I am thinking about deleting my two Homepages because of being afraid I missed something in privacy protection and some evil (yes evil) lawyer tries to sue me (excuse my english) threatens me to bring me to court…
How do you other game developers handle this? I refreshes my privaty Statements but I am not sure if it fits.
If I am a Hobby game developer, is it useful to have my own Homepage at all? In my Forum / board nobody writes down something. And my online highscores are a nice Feature, but I guess they are not so important and might be changed to a steam or Facebook leaderboard…
How do you handle this? Do you think a small free time game developer does Need it’s own Homepage and board and self hosted hiscores / leaderboards?
You mean GDPR? You store user info on your homepage servers? If not your fine. We use Steam features only, and Valve have made sure they comply with GDPR
Yes, I meant exactly that. I have a Website with forum / board and an online hiscore list / leaderboard.
Because of the new laws I am not sure if I really need them enough to keep them.

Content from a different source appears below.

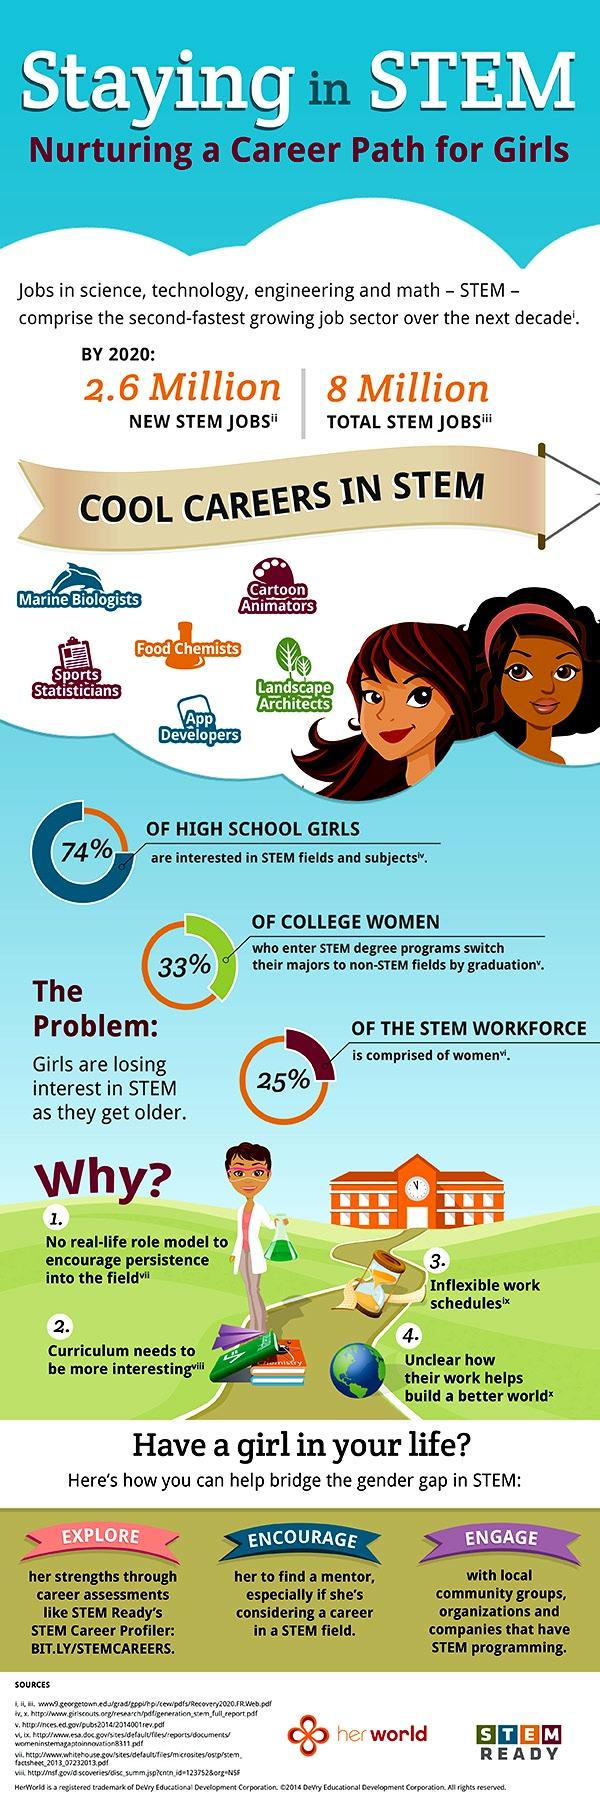 HerWorld Infographic

You don’t even have to live in the EU to be affected as all it needs is to your players to be from the EU. American, Aussie etc. developers must also comply
If you only store “player” names and scores you don’t really have to do anything. If you have emails, real names and such stored its a different thing.
BTW I don’t think Valve has yet fully implemented all the stuff required by the GDPR. As a user I have not seen such announcement by email nor the user interfaces have all the required features(?)
Yes that’s right. I did some changes but I am a bit unsure if it fits perfectly. And since I don’t earn Money (or at least not at the Moment, and only very few Money if a game is new) I do not want to spent Money on lawyers. And I am unsure if I want to put more Money into my Websites, which don’t seem to be much visited at all.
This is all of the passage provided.